リリーの微笑み

始まりの鐘

エピソードの総文字数=1,601文字

 静謐な空間に響き渡る鐘の音。
 祭壇の奥に鎮座している荘厳な十字架と、その背後から射し込む金色の光があらゆる穢れを浄化するかの如く、優しい輝きを放っている。
 入堂した司祭を信徒たちの『入祭の歌』が温かく迎え、大聖堂はパイプオルガンと人間の織りなす旋律によって、さらに清められていく。
 その神秘的な空気に取り囲まれた俺は助けを求めるようにして、すぐそばで忌憚なく歌う碧眼の少女へ目を向ける……。
 穏やかに波打つ金髪は黒色のリボンで合流し、後頭部から白色の首すじにかけて一本に流れている。顔は少し丸みを帯びており、そこから感じる幼さは彼女の年齢につり合うものだろう。ピンク色の唇を大きく動かして、たびたび笑窪を出現させている姿は天使のように愛らしい。
 社会の荒波に揉まれ、捻くれ、愛想を失ってしまった者に安らぎを与えてくれる。
 俺が彼女に見惚れている中――音が止んだ――。視線を祭壇の方へ移すと、格調高い祭服を纏った男性がその顔を会衆に向けている。いよいよだ。
 司祭は、十字を切りながら異国のイントネーションで発声する。
「父と子と聖霊の、み名によって――」
 会衆も同じように十字を切り、「――アーメン」と言って手の平を合わす。
「主、イエス・キリストの恵み、神の愛、聖霊の交わりが皆さんと共に――」
「――また、司祭と共に」
 短い挨拶が交わされ、それが終わると次は『悔い改めの祈り』を捧ぐ。
 自らの罪を全能の神と兄弟たちの前で認め、主に許しを請うのだ。そして、永遠の命に導いていただくために信徒たちは――。
 パイプオルガンが鳴り響き、ミサ曲の『あわれみの賛歌』と『栄光の賛歌』が立て続けに唱えられる。当然、俺は歌えるはずもないので再び助けを求めるべく、かたわらにいる天使に目を遣る……。
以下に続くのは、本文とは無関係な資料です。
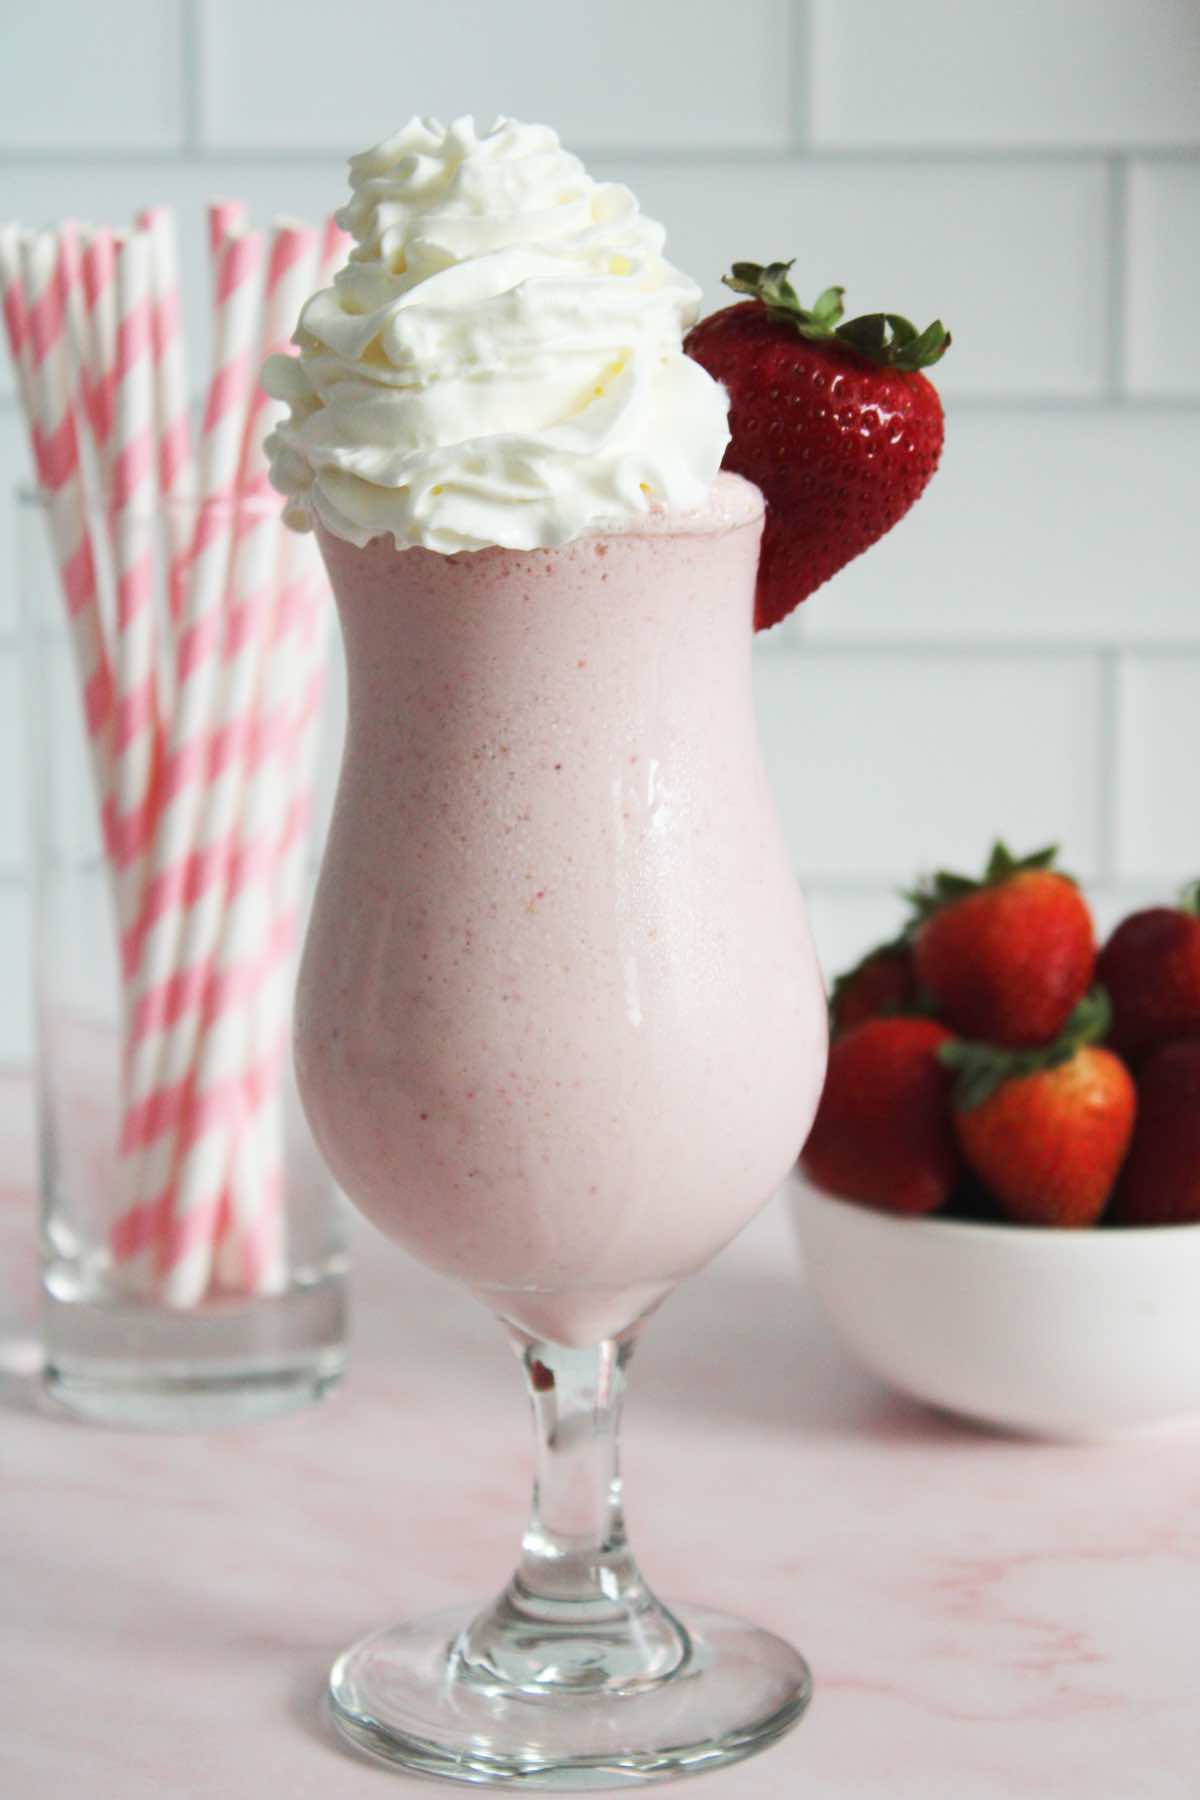 Homemade strawberry milkshake with strawberry ice cream.

 小さな手でミサ曲集を持って、小鳥のように鳴いている――誰かに癒されるのは何カ月ぶりだろうか――。さらなる癒しを求めて野鳥観察にのめり込む。
 ちなみに、式の中でたびたび耳にする「アーメン」とは、同意、願望、誓いなどを意味しており、かなり重要視されているようだ。
 二曲の賛歌を歌い終えた後に続く『集会祈願』は、祈りと沈黙。そして司祭の先導のもとで唱える簡潔な文章。これらを通して神と向き合い<開祭の儀>は締め括られる。
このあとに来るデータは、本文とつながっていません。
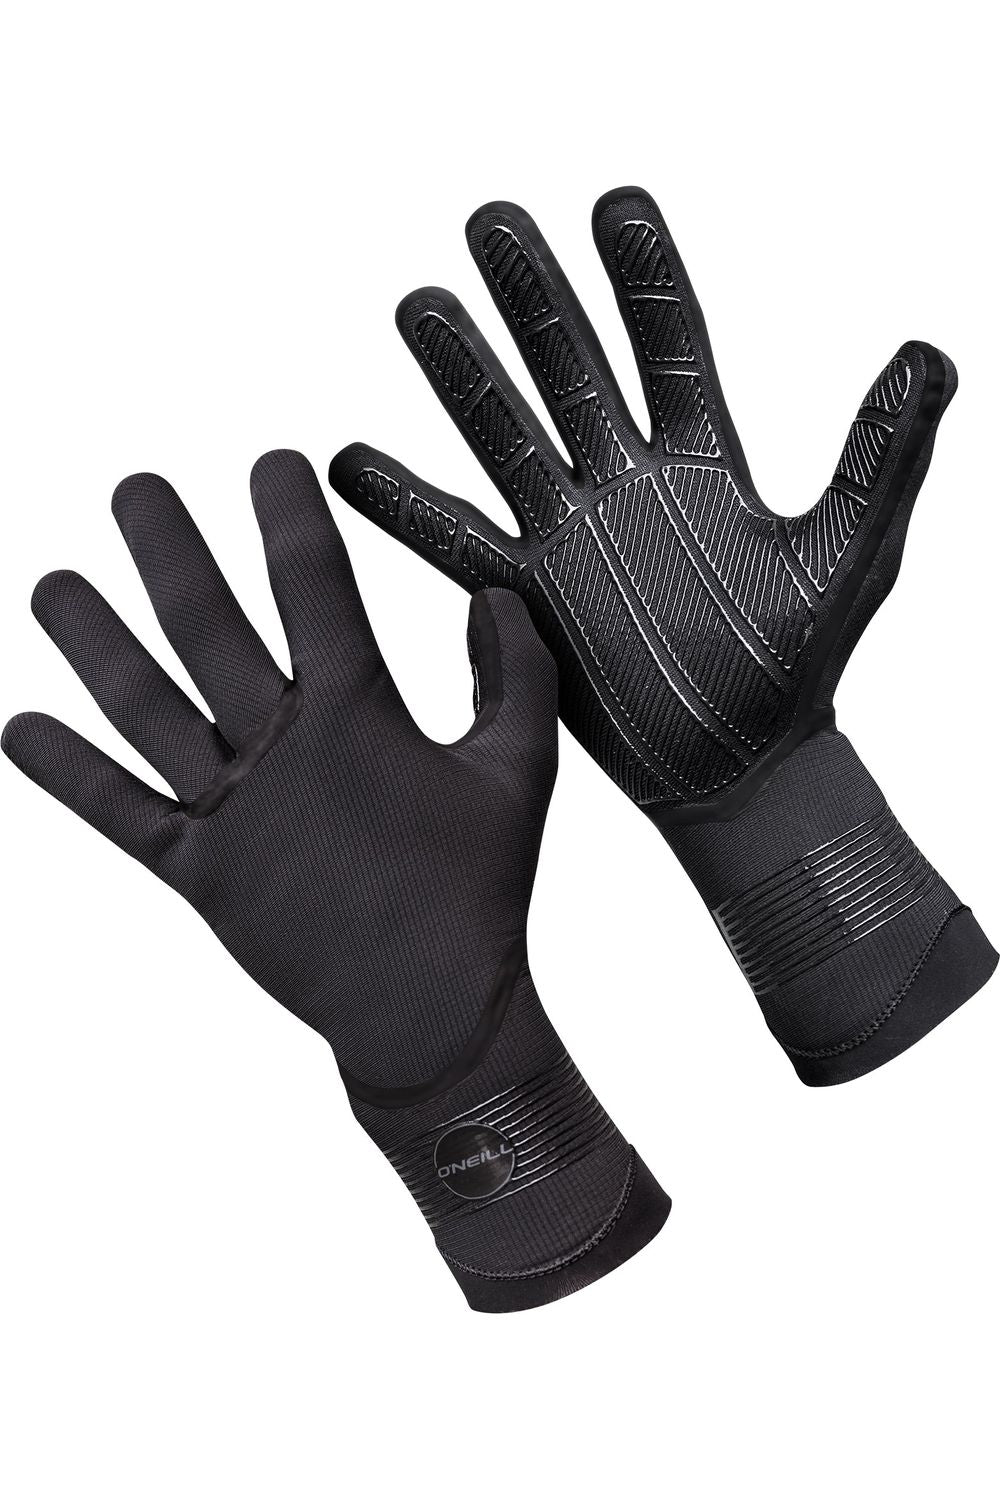 O'Neill 1.5mm Psycho Tech Gloves

 ここへ導かれる前、笑窪の少女から無理やり基礎知識を教え込まれていなければ、恐らく俺はこの時間のほとんどを野鳥観察に費やしていただろう。
 次は<ことばの典礼>。
 信徒であろう中年の男性が、マイクの置かれた朗読台で『旧約聖書』の音読を開始する。実直な俺は用意された本を開き、記載してある文章を渋い声に合わせて目で追っていく。これも何とかなると思ったが、ダメだった。
 渋い声のおじさんは正直、活舌がよろしくなく、聞き取りづらいけど――マイク、あるいはスピーカーのせいかもしれない――文字を追う分には問題ない。内容も今の所は理解できている。では、なぜダメかと言うと。このミサは日曜日の朝十時に開祭されたのだ。そして予習のため俺は、朝七時に召集されて笑窪の先生から説教を受けた。詰まるところ、眠いんです……。
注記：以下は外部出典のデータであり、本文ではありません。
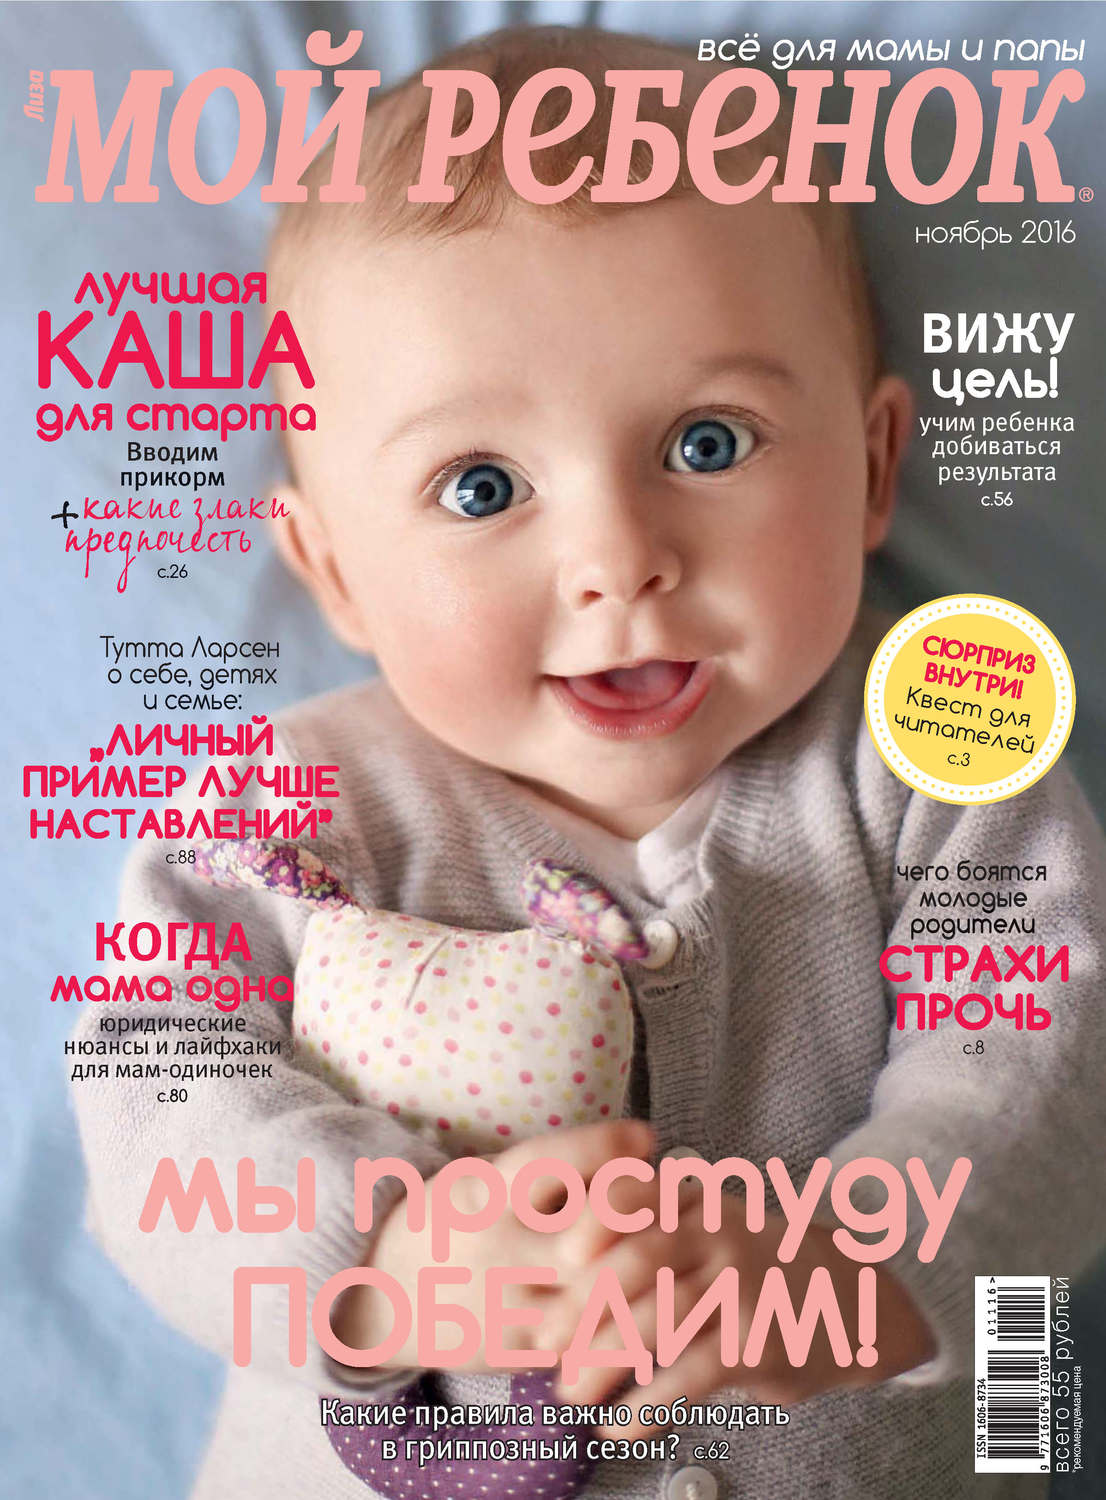 фото ребенка на обложку журнала

 気づくと式は『答唱詩編』へ移行しており、会衆の『答唱』と代表者の『詩編』が交互に唱えられていた。――これには朗読された聖書の理解を深め、一同の積極性を促す目的があるとのこと――。
 暫くして、白髪のお婆さんが朗読台の座を引き継ぎ『使徒の書簡』を読み始めた……が……その巧みな話術は、皮肉なことに睡魔を助長するものだった。
 睡魔と、聖域内にいた刺客によって俺は、ゆっくり、眠りに誘われ――。





 
 正しい者の道は、夜明けの光のようだ。 いよいよ輝きを増して真昼となる。